Afghan Heroin Addict Chops Off Wife's Nose and Lips After She Refused to Give Him Her Jewelry to Sell for Drugs

“This act is against human dignity."

A heroin addict desperate for a fix reportedly cut off his wife’s nose and lips with a knife in front of their children in Afghanistan, the BBC and Radio Free Europe/Radio Liberty reported.

Neighbors found the woman, Sitara, 30, unconscious in her home, covered with blood and with her nose and lips on the floor next to her.

They were alerted to the trouble when they heard the screams of the children in the home.

Sitara's bandaged face was shown in a local news report after the brutal attack (Image source: Facebook)

Sami Wafa, spokesman for the governor of Herat told the BBC’s Persian service that the woman’s husband had demanded jewelry that he intended to sell for drugs.

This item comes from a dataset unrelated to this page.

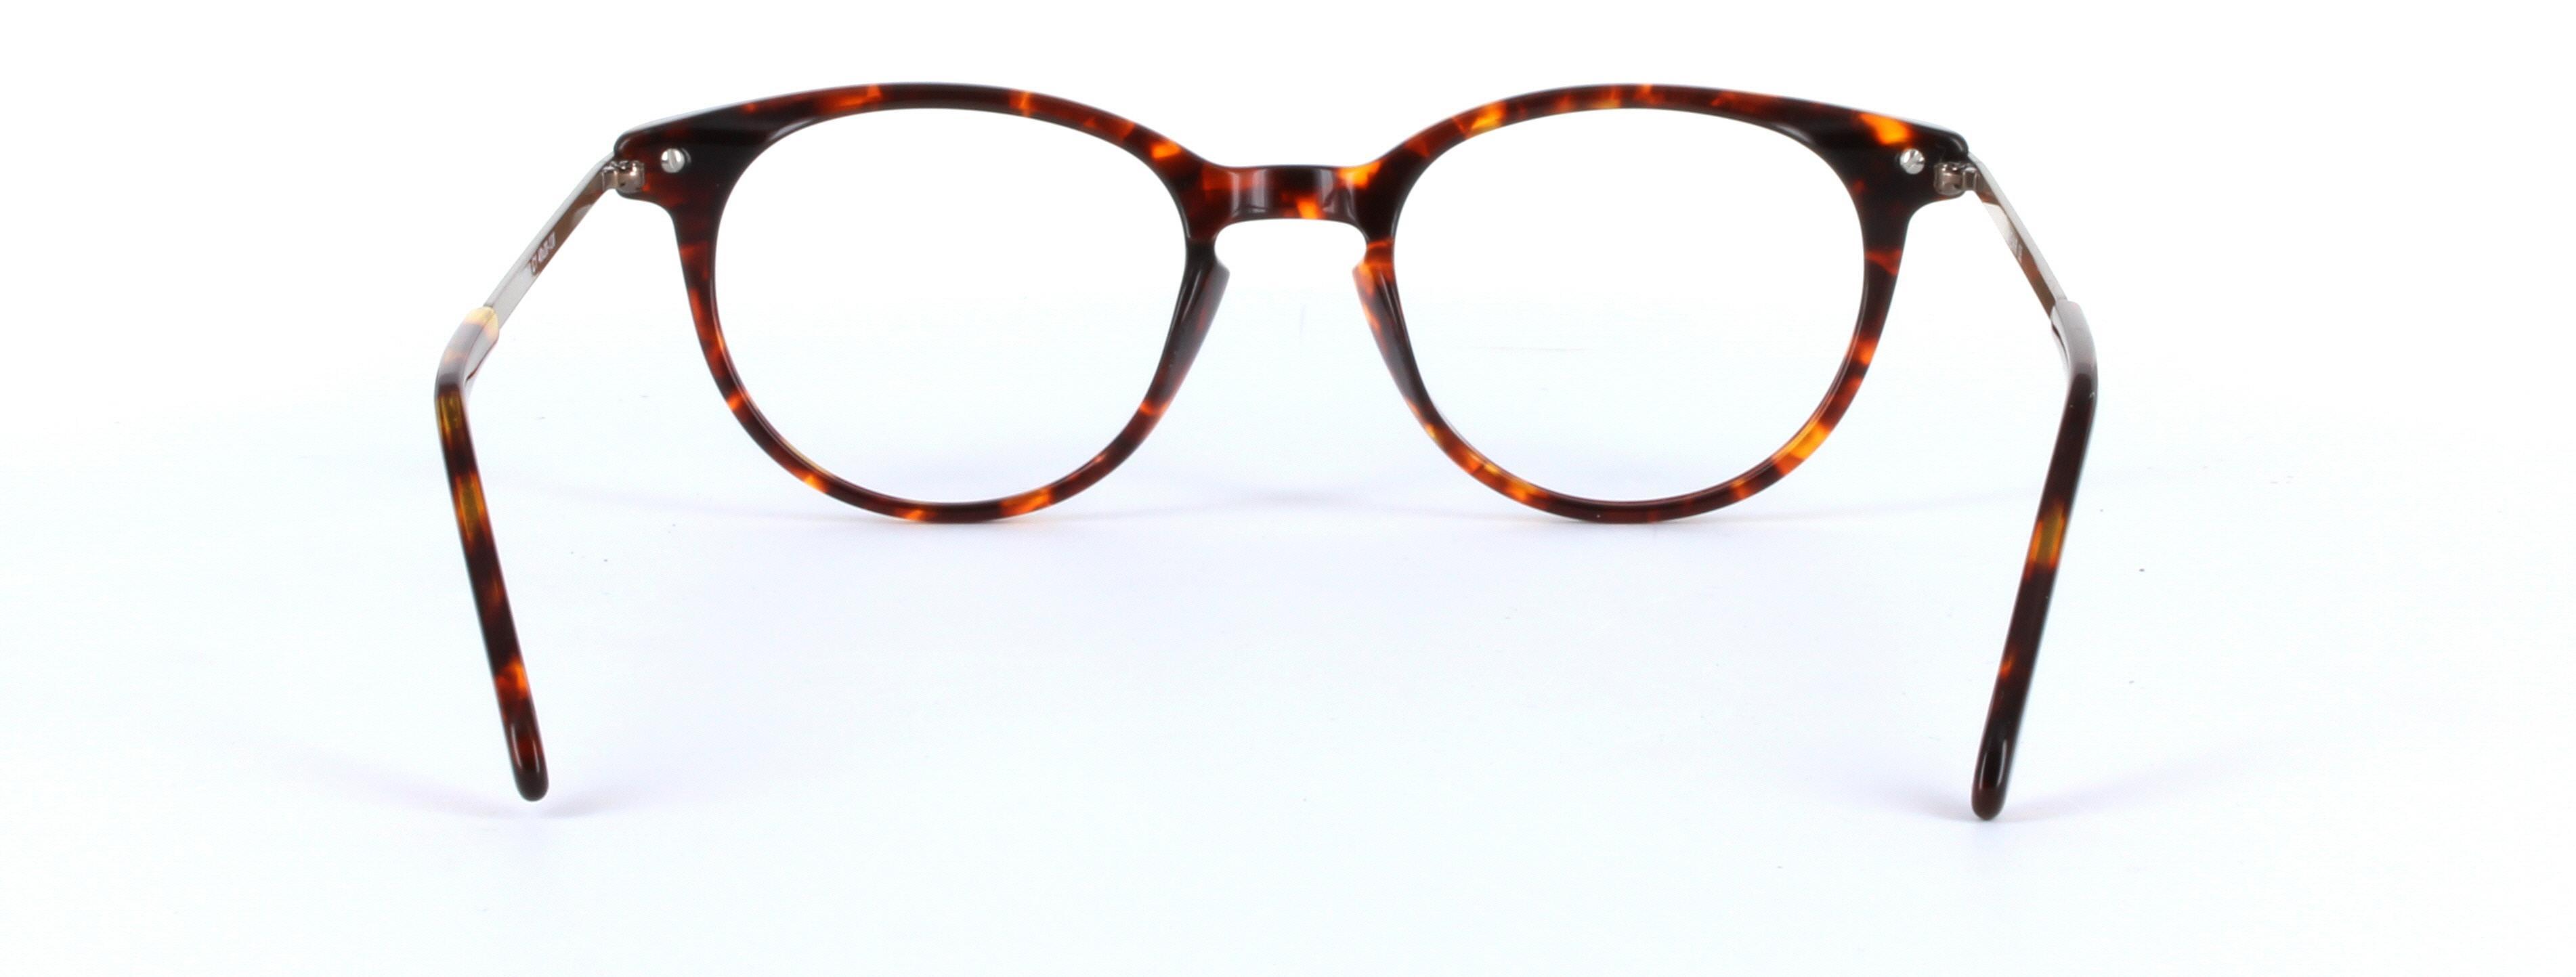 Amanda Tortoise Full Rim Round Plastic Glasses - Image View 3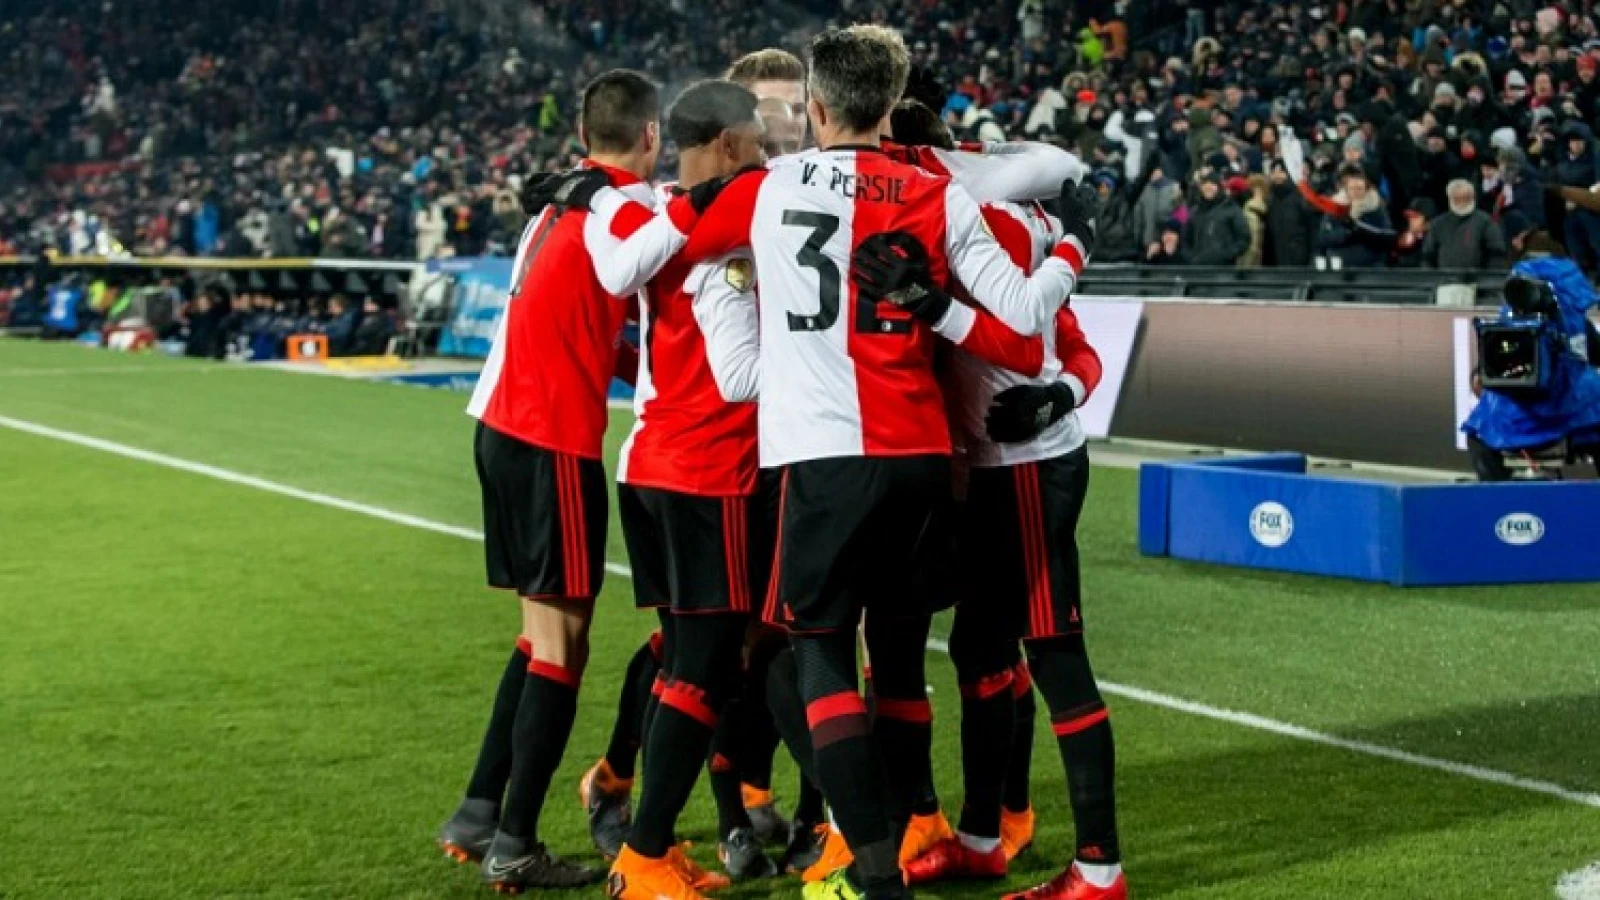 MATCHDAY | Feyenoord - AZ

When she refused, he first beat her, then cut her nose and lips.

“According to preliminary reports, Sitara has been stabbed several times on her head too. Ms. Sitara’s husband was a drug addict and had intended to sell her jewelry for buying drugs,” Wafa said.

Neighbors quickly brought her to the hospital, where doctors stabilized her and on Tuesday transferred her to a hospital in Turkey for reconstructive surgery.

Sitara's 14-year-old daughter Fereshta told local media her father has often beat her siblings and mother when he didn’t have money to fund his drug addiction, saying, "Every time my mother refused to give money to my father, he would beat her.”

Image source: Al-Mustaqbal

The Dec. 13 incident has made headlines in Afghanistan and prompted protests in sympathy with the victim. Dozens of women’s rights activists traveled with Sitara to the airport for her flight to Turkey.

RFE/RL reported that the Afghan Interior Ministry has launched a manhunt for her husband Azim.

Independent Human Rights Commission chief Sima Samar said: “This act is against human dignity. The perpetrator must be arrested and charged.”

"It can't be an excuse that he has run away, police must take this seriously," she added at a press conference.

Despite the uniquely brutal nature of this particular attack, domestic violence against Afghan women is not uncommon.

In 2010, Time magazine featured on its cover an 18-year-old Afghan woman Aisha whom a Taliban commander sentenced to cut off her nose and ears cut after she fled her abusive in-laws. Aisha now lives in the U.S., where she underwent reconstructive surgery on her face.